Let $K$ be a field, $n$ a natural number. Suppose that $(e_i)_{i=1}^{n^2}$ is a $K$-basis of the matrix algebra $\mathbb{M}_n(K)$ (on which multiplication is defined in the usual manner). One does not know what these elements $e_i$ look like, but we do know the $n^6$ elements $(a_{i, j, k})_{i, j, k = 1}^{n^2}$ of $K$ such that $$ \forall i, j=1, \ldots, n^2 : e_i \cdot e_j = \sum_{k=1}^{n^2} a_{i, j, k}e_k . $$ One calls the $(a_{i, j, k})_{i, j, k=1}^{n^2}$ the structure constants of the basis. If $n > 1$ they do not uniquely determine the $e_i$: if $S \in \mathbb{M}_n(K)$ is invertible, then the basis of $\mathbb{M}_n(K)$ given by $(S^{-1}e_iS)_{i=1}^{n^2}$ has the same structure constants. By the Skolem-Noether Theorem, the converse also holds: if $(e_i')_{i=1}^{n^2}$ is another basis with the same structure constants, then we have for all $i$ that $e_i' = S^{-1}e_iS$ for some invertible $S \in \mathbb{M}_n(K)$.

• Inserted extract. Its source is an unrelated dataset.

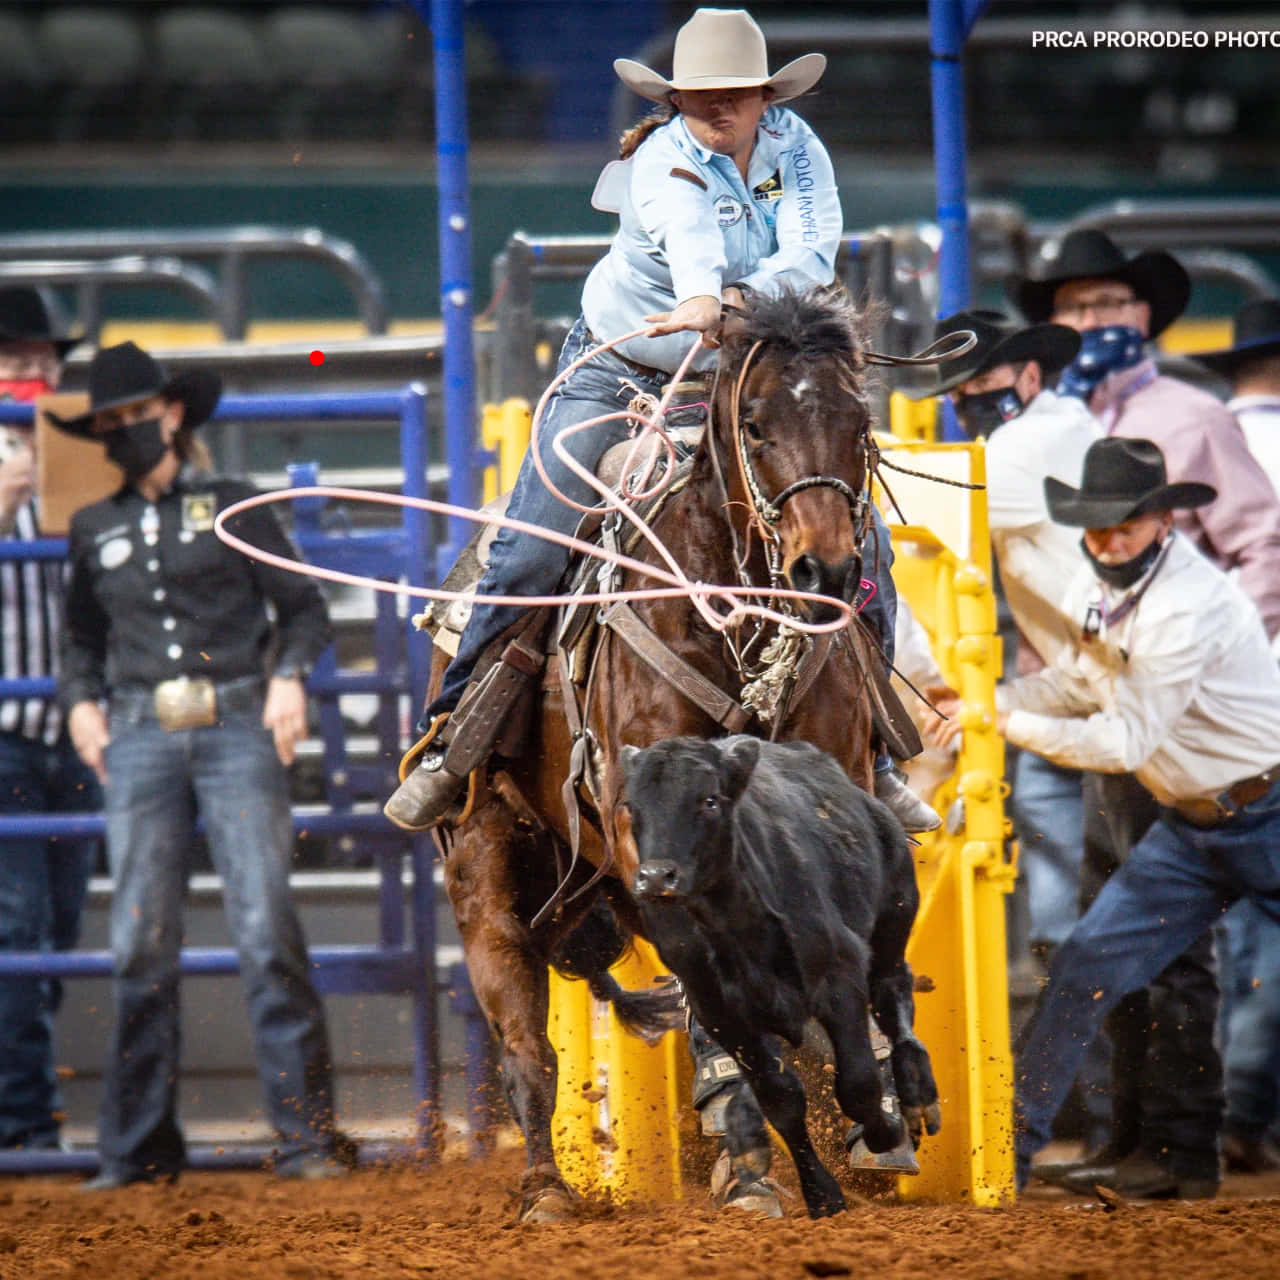 Cowboys in Action During Team Roping Wallpaper

It follows that norm and trace (even characteristic polynomial) of the $e_i$ are uniquely determined by these structure constants. But how to calculate them?
Yes, it's possible.
Let $M^{i,j}\in \mathbb{M}_n(K)$, where $1\leq i,j\leq n$, be the matrix which has $1$ at the intersection of $i$-th row and $j$-th column. Then if $B\in \mathbb{M}_n(K)$ is a matrix with entries $b_{k,l}$, then $B\cdot M^{i,j} = \sum_{k=1}^n b_{k,i}M^{k,j}$. It means that if we consider the linear operator $\text{ad}_B: \mathbb{M}_n(K)\to \mathbb{M}_n(K)$ given by $\text{ad}_B (X) = B\cdot X$, then in the basis $(M^{1,1}, M^{2,1}, \dots, M^{n,1}, M^{1,2}, \dots \dots, M^{n,n})$, the matrix of $\text{ad}_B$ is $n^2\times n^2$ matrix with $n$ copies of matrix $B$ along the main diagonal and zeros everywhere else. The trace of this matrix is $n~\text{tr }B$, the determinant is $(\det B)^n$, and the characteristic polynomial is the $n$-th power of the characteristic polynomial of $B$.
This can be used to find traces and determinants of $e_i$. In the basis $(e_k)_{k=1}^{n^2}$, the matrix of $\text{ad}_{e_i}$ has entries $(\text{ad}_{e_i})_{j,k} = a_{i,k,j}$. Since trace, determinant and characteristic polynomial of an operator are basis-independent, the trace etc. of this matrix are related to the trace etc. of $e_i$ as described above. If the characteristic of $K$ does not divide $n$, then you can compute $\text{tr }e_i$ as $\frac1n\text{tr ad}_{e_i}$. If $K$ has no $n$-th roots of unity other than $1$, then you can compute $\text{det }e_i$ as $\sqrt[n]{\det\text{ad}_{e_i}}$. Otherwise, you can compute the characteristic polynomial of $e_i$ as the $n$-th root of the characteristic polynomial of $\text{ad}_{e_i}$ which is a monic polynomial, and then you can find the trace and determinant of $e_i$ from its characteristic polynomial.
The same approach works for any linear combination of $e_i$.